Basically, the gs is supposed to protect your site from things like the digg effect. They say:

The Grid’s on-demand scalability means you’ll always be ready for intense bursts of traffic and the growing audience resulting from your online success.

Now, the only way to actually test this claim is to get dugg. So let’s see if Media Temple isn’t full of hot air and stress test this baby! Digg the story here.


Here’s what the blog is running on:

WordPress – 2.0.5
PHP – 5.1.6
MySQL – 4.1.1

For the purposes of this test, WP-Cache is off.

So if this site does get dugg, and people have to resort to using the digg mirror, I guess the grid’s not all that it’s cracked up to be.

EDIT: So this finally hit the digg front page. Let’s see if the server can stay up. I think the diggers are up for the challenge…

Also, I don’t think I’ll be making any money on ads by doing this, since Digg users are usually not the type to click on ads. But hey, while I have your attention, check out Notecentric: For sharing class notes. It’s also on the same server and running on the 64mb rails container. Somehow I don’t think that could handle the load (I’d probably need to upgrade to at least 512MB of dedicated memory). But we’ll see!

basudigg.gif

EDIT 11:16PM: So the traffic has gone down considerably since the page hit the front page of digg. It’s on the second page now. The server seemed to do fine, besides the occasional database error here and there. Most people wrote saying that if they refreshed, it would work. Thanks to everyone who helped to “test” the server. You did a really good job of keeping track of how many diggs/how slow the server was at any given time.

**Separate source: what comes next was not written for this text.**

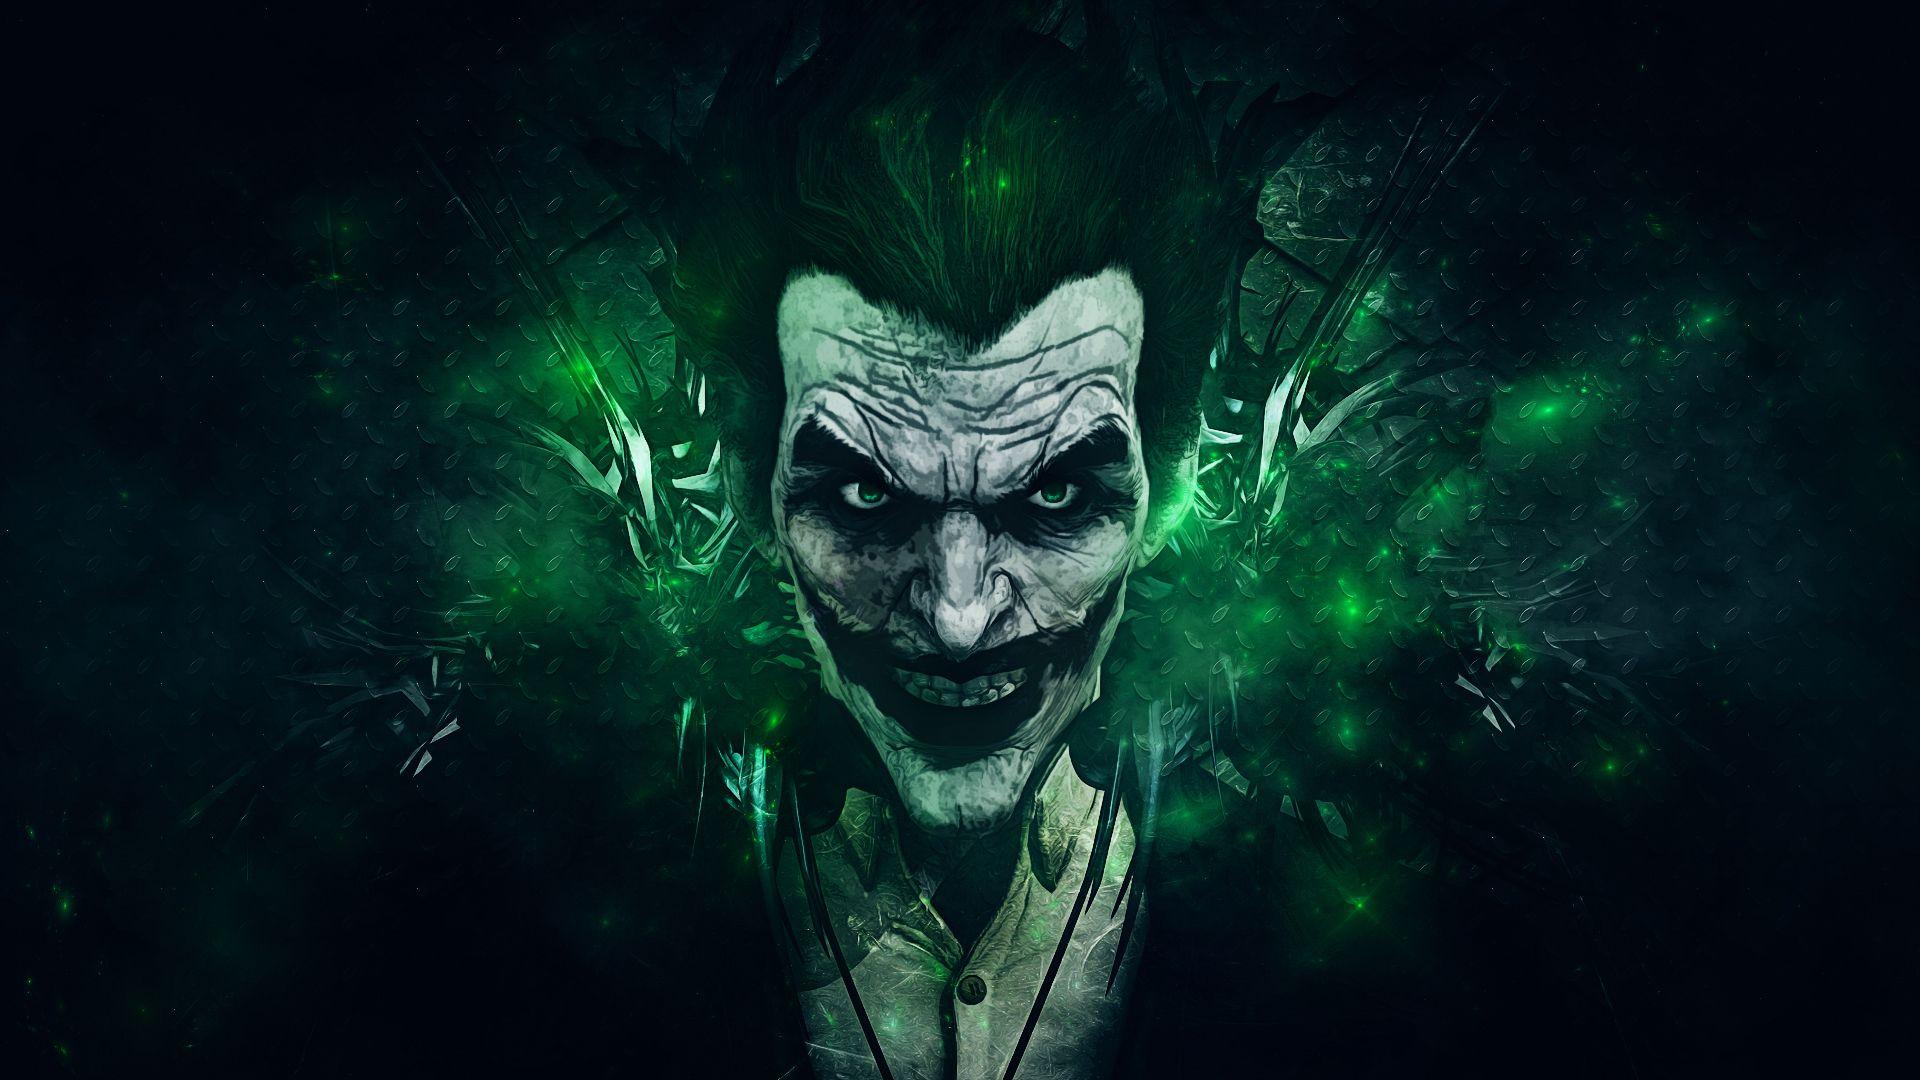 Wallpapers : Batman Arkham Origins, Joker, games montreal, Rocksteady

So some people also think this is just a big commercial for Media Temple. That wasn’t my intention, but if you think that mt is a good host, then all the better. You can totally sign up using the referral link and it would help me pay for my own hosting. I suppose I could have mentioned it upfront, but I don’t think that would have kept people from complaining about it anyway.

Someone asked if I used all of my “GPUs.” I’m not even sure that Media Temple is showing its customers how many they use yet. At least, I haven’t found any way to check. I’m sure they’ll approve of my experiment once I explain it to them. I hope.

84 replies on “Moving Hosts: Stress Test”

Hmmm, it looks like the site is still running pretty well. People are saying it’s slow, but it seems okay to me…

Ctrl F5 took 33s to load the page completely at 179diggs.

Subsequent F5s took about 13s to load the page.

No issue from me. Cheers.

Ive survived diggs, farks, even a slashdotting on a tuned 1u single cpu running the same setup (PHP,WP,MySQL, without caching). The box hosts about a dozen sites, mostly low traffic but, but the biggest has gotten over 20 million hits this month already.

That said, Ive never used Media Temple, & I wouldnt bad mouth them. Might be a nice place to work one day.

Good show the page loaded in maybe 20 seconds for me – 216 diggs!

well, its gettin pretty slow it seems to me. Not sure what your at for diggs, I want to say around 290, not sure. But, yeah, took about 20 – 30 seconds. I’m suprised the server can handle this, considering people are actually clicking it. I’d like to see what you are getting for hits. Other than that…. i hate your server (mysql sucks hard, as with wordpress). Cheers.

well 396 diggs when I looked, the pages loads, slow, at least 20 seconds. but its running and — if your reading this posts are working

also your 64 meg ram server works too

Have you considered that this one page is also calling 11 external hosts? (all of which may subject a page load to delays).

metrics.performancing.com – (6 external calls)
http://www.google-analytics.com – (1 external calls)
pagead2.googlesyndication.com – (3 external calls)
feeds.feedburner.com – (1 external calls)
http://www.lduhtrp.net – (1 external calls)
http://www.assoc-amazon.com – (1 external calls)
us.yesasia.com – (1 external calls)
s10.sitemeter.com – (3 external calls)
http://www.statcounter.com – (1 external calls)
c11.statcounter.com – (1 external calls)
www6.addfreestats.com – (1 external calls)

537 Diggs and a 6 Second load time, I’m looking at switching all my stuff over first thing in the morning, my current host has started to bite it kinda hard with increased traffic to the site ( 200 concurent users = 20-30 second load times )

looks good to me

why don’t you try it with a page that actually has some content on it
the “digg effect” usually kills sites because they’re hosting several images/videos, or files that require lots of bandwidth

a 12kb page w/ 220kb of elements is not likely to be “slashdotted” any time soon

Also, is everyone here just stupid, or do they not realize that this is an Ad with basuguy getting referrals for everyone who clicks his MediaTemple link

12D 1U – 510 Diggs – 5-10s

But who is to say that Media Temple is not going to get a hold of this and boost your box? Then this is not so accurate.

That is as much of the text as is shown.